Schiehallion had several advantages for the measurement. It’s conveniently located for a British expedition. It’s an isolated peak, with no other mountains nearby that could substantially complicate the effects of gravity in the region. It has a very symmetrical shape, making it easy to estimate the volume with some accuracy. And the northern and southern slopes are very steep, which means that by doing the experiment on those sides, the plumb bob can be positioned relatively close to the centre of mass of the mountain, increasing the deflection and making it easier to measure.

Maskelyne himself led the expedition, taking temporary leave from his post as Astronomer Royal. The party built temporary observatories on the northern and southern flanks of Schiehallion, from which they made frequent observations of overhead stars to determine the zenith line (marking the “downwards” direction), so they could compare it to the direction of the hanging plumb line. Maskelyne and his team spent 6 weeks at the southern observatory, followed by 10.5 weeks at the northern one, battling inclement weather to take the required number of observations.[3]

Map of Schiehallion and surrounds

Map of Schiehallion and surrounds. The mountain forms a short ridge running approximately east-west. The positions of the north and south observatories can be seen. (Reproduced from [6].)

Maskelyne had calculated that if the Earth as a whole had the same density as the mountain (i.e. that of quartzite rock), then they should have observed a deflection of the plumb line relative to “downwards” of 20.9 seconds of arc. Preliminary calculations showed a deflection of about half that, meaning the Earth was roughly twice as dense as the mountain.

To mark the successful conclusion of the observations, the expedition celebrated with a rollicking good party. Plenty of alcohol was imbibed (quite possibly Scotch whisky). In the revelry, unfortunately someone accidentally set fire to the northern observatory and it burnt to the ground. The fire claimed the violin of one Duncan Robertson, a junior member of the expedition who had helped to pass the long cold nights of observation by entertaining the other members with his playing. Later, a grateful Maskelyne sent Robertson a replacement violin – not just any violin, but one made by the master craftsman Antonio Stradivari.[4][5]

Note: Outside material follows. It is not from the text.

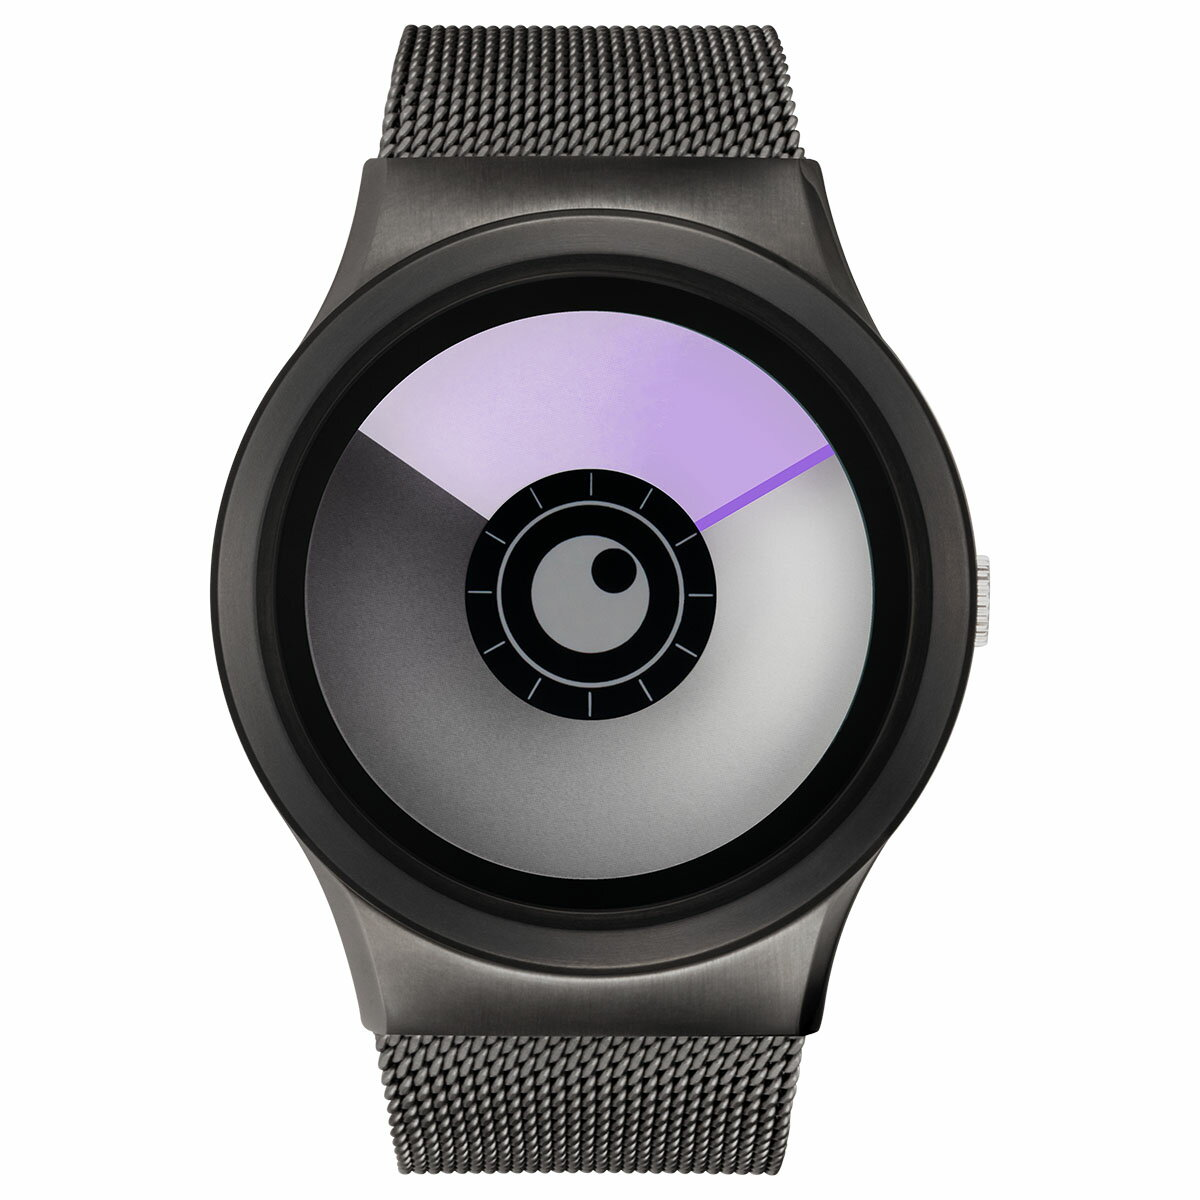 ZEROO AURORA BOREALIS ゼロ 電池式クォーツ 腕時計 [W12023B02SM02] パープル デザインウォッチ ペア用 メンズ レディース ユニセックス おしゃれ時計 デザイナーズ

The mathematician and surveyor Charles Hutton was charged with doing the detailed calculations of the result. He published them in a mammoth 100-page paper in 1778.[6] His final conclusion was that the density of the Earth was 1.8 times the density of the quartzite in Schiehallion, or about 4.5 g/cm3. Since this was so much higher than the densities of various types of rock (typically between 2 and 3 g/cm3), Hutton concluded (correctly) that much of the core of the Earth must be metal, and he calculated that about 65% of the Earth’s diameter must be a metallic core (a little higher than current measurements of 55%).

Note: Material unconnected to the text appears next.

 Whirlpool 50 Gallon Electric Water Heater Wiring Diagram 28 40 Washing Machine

Hutton's conclusions on the structure of Earth and density of planets

Extract of Hutton’s paper, where he states that roughly 2/3 of the diameter of the Earth must be metallic to account for the measured density. This page also shows Hutton’s calculations of the densities of solar system bodies. (Reproduced from [6].)

This was the very first time that we had any estimate of the density/mass of the Earth, and Hutton also used it to calculate the densities of the Sun, the Moon, and the planets (out to Saturn) based on their known astronomical properties, mostly to within about 20% of the modern values. So the Schiehallion experiment was groundbreaking and significantly increased our fundamental understanding of the Earth and the solar system.

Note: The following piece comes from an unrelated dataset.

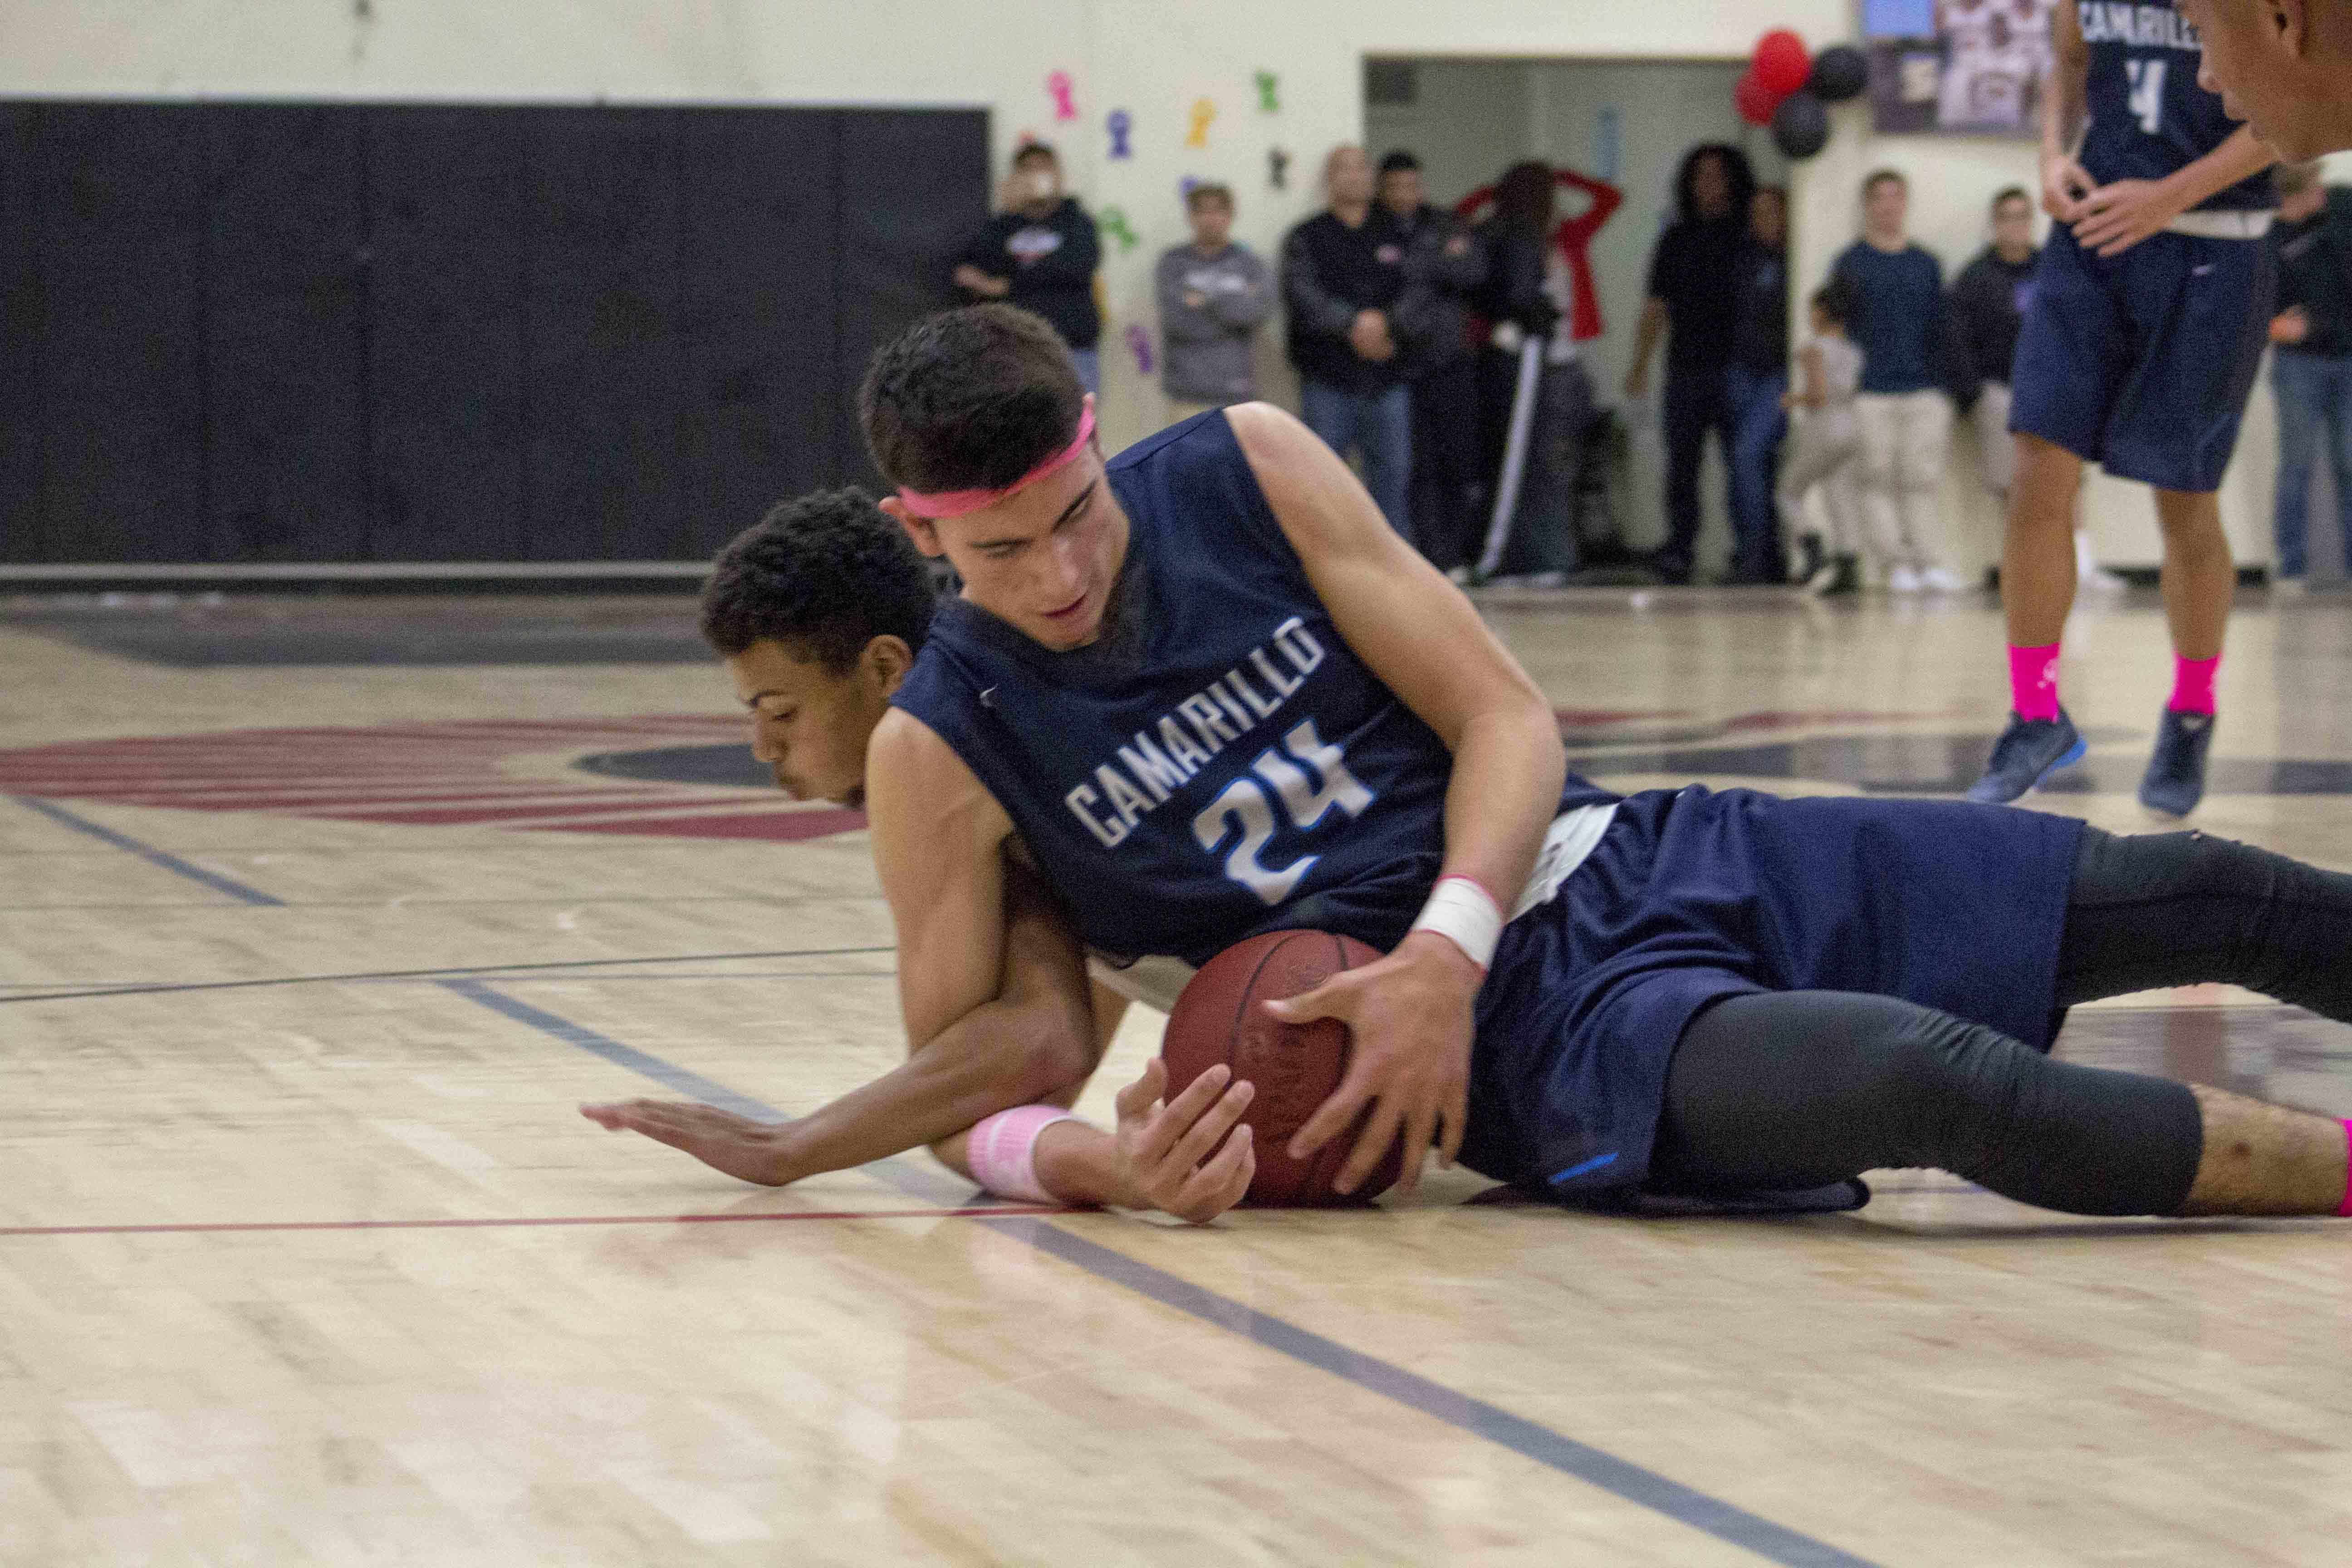 Sophomore Jaime Jaquez Jr. dives for the loose ball.

Later experiments confirmed the general nature of the result and refined the figures for the density and structure of the Earth. In particular, Henry Cavendish—a chemist who 20 years earlier had discovered the elemental nature of hydrogen and made several other discoveries about air and elemental gases—turned his attention to physics and performed what has become known as the Cavendish experiment in 1797-98. He constructed a finely balanced mechanism with which he could measure the tiny gravitational attractive force between two balls of lead, which allowed the measurement of the (then unknown) value of Newton’s gravitational constant. Knowing this value, it becomes possible to directly plug in values for the size of the Earth and the acceleration due to gravity and determine the mass of the Earth. Cavendish’s result was accurate to about 1%, confirming Hutton’s conclusion that the Earth must have a core denser than rock. And then in the 20th century, seismology allowed us to confirm the existence of discrete layers within the Earth, with the central core made primarily of metal (a story for a future Proof).

Drawing of Henry Cavendish

Drawing of Henry Cavendish. (Creative Commons Attribution 4.0 International image by the Wellcome Collection of the British Library, from Wikimedia Commons.)

Of course, the conclusions of the Schiehallion experiment—consistent with later experiments using independent methods—depend on the fact that the Earth is very close to spherical, and the fact that gravity works as Newton said (disregarding the later refinement by Einstein, which is not significant here). One of the more popular Flat Earth models assumes that gravity does not even exist as a force, and that objects “fall” to Earth because the Flat Earth is actually accelerating upwards. In such a model, objects always fall directly “downwards” and there is no deflection caused by large masses such as mountains. The Schiehallion experiment directly and simply disproves this Flat Earth model.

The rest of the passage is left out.